On Jul 11, 2013, at 9:25 AM, Bill Foshay <bill.foshay@noteandgo.com> wrote:

> Ignoring filtering, is there any idea roughly how many persistent 
> replications can be running before it starts to hurt performance. I know 
> this is a vague question, highly dependent on the system resources of the 
> machine hosting the database, the number of updates being made, etc. I'm 
> just trying to get a rough idea if possible. Are we talking like on the 
> order of 100 replications, 1000s, etc? 

Client pushes aren’t expensive. They don’t consume resources on the server except for
the occasional POSTs to _revs_diff and _bulk_docs when the client has new revisions to upload.
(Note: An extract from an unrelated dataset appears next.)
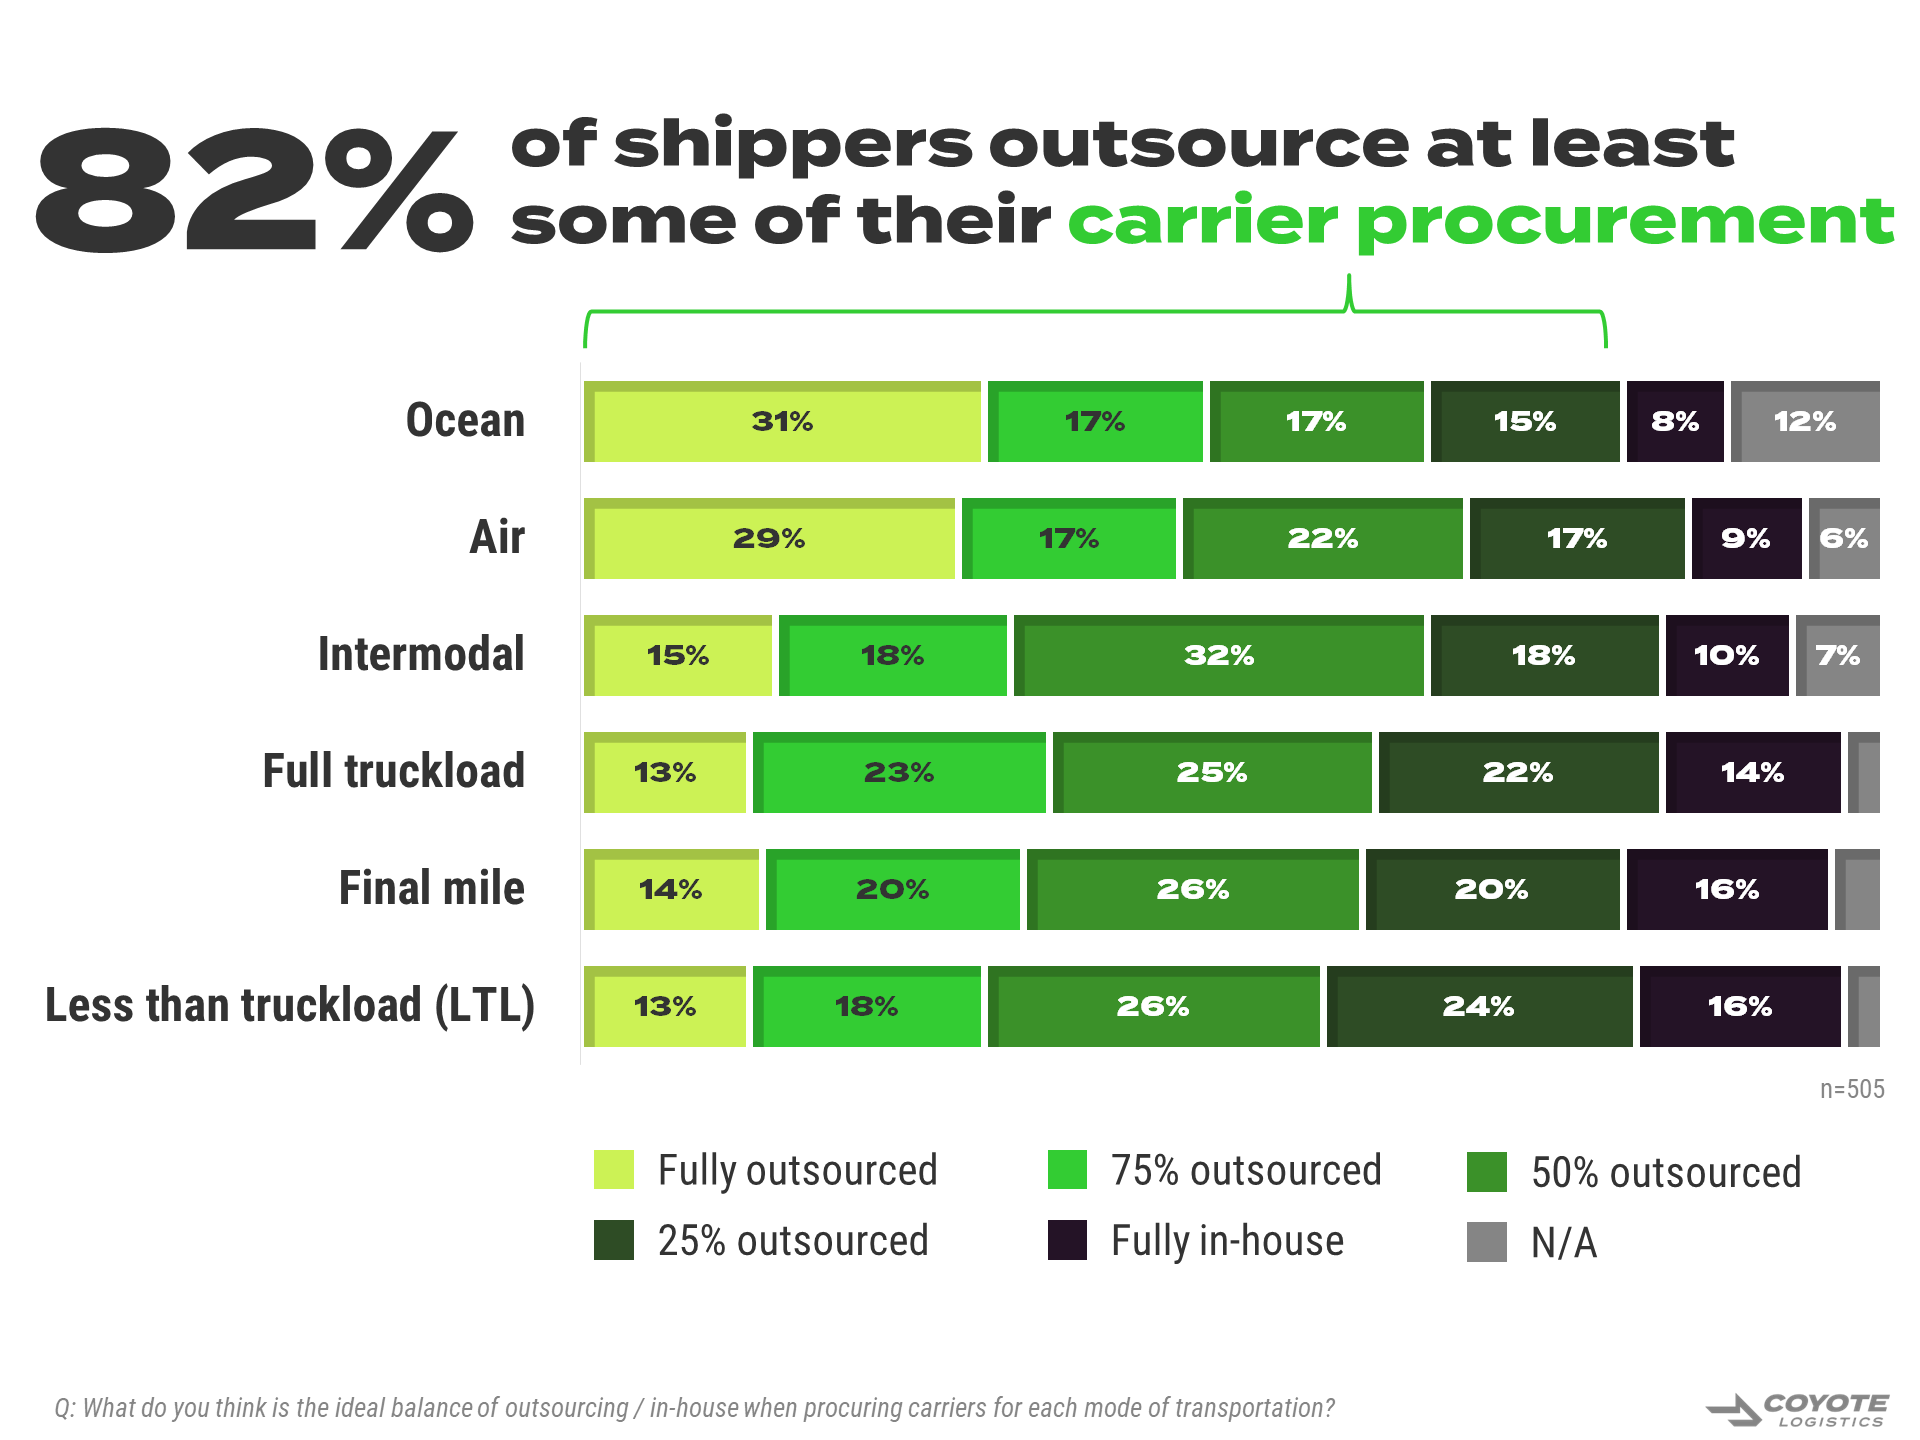 80% de los transportistas subcontratan al menos parte de su adquisición de transportistas

The overhead of client pulls is
* Open TCP sockets (for _changes feeds) — this is the same scaling problem that large-scale
Comet, IMAP, XMPP, etc. servers have. There are hardware and kernel issues to consider if
you need to handle tends/hundreds of thousands of open TCP connections per host.
* User-space server state for all those connections — fortunately Erlang is kind of the
poster child of scalability here. I don’t know what extra overhead CouchDB adds.
* Writing to all those sockets whenever a revision is added — Don’t know how bad this
gets. It’s on the order of one packet of payload, per active listener. In response, there
will probably be a GET request sent from each listener to retrieve the new revision. In extreme
cases the GETs could result in the same thundering-herd problem that was seen with RSS (where
updating the feed produces a zillion simultaneous hits to the new article.)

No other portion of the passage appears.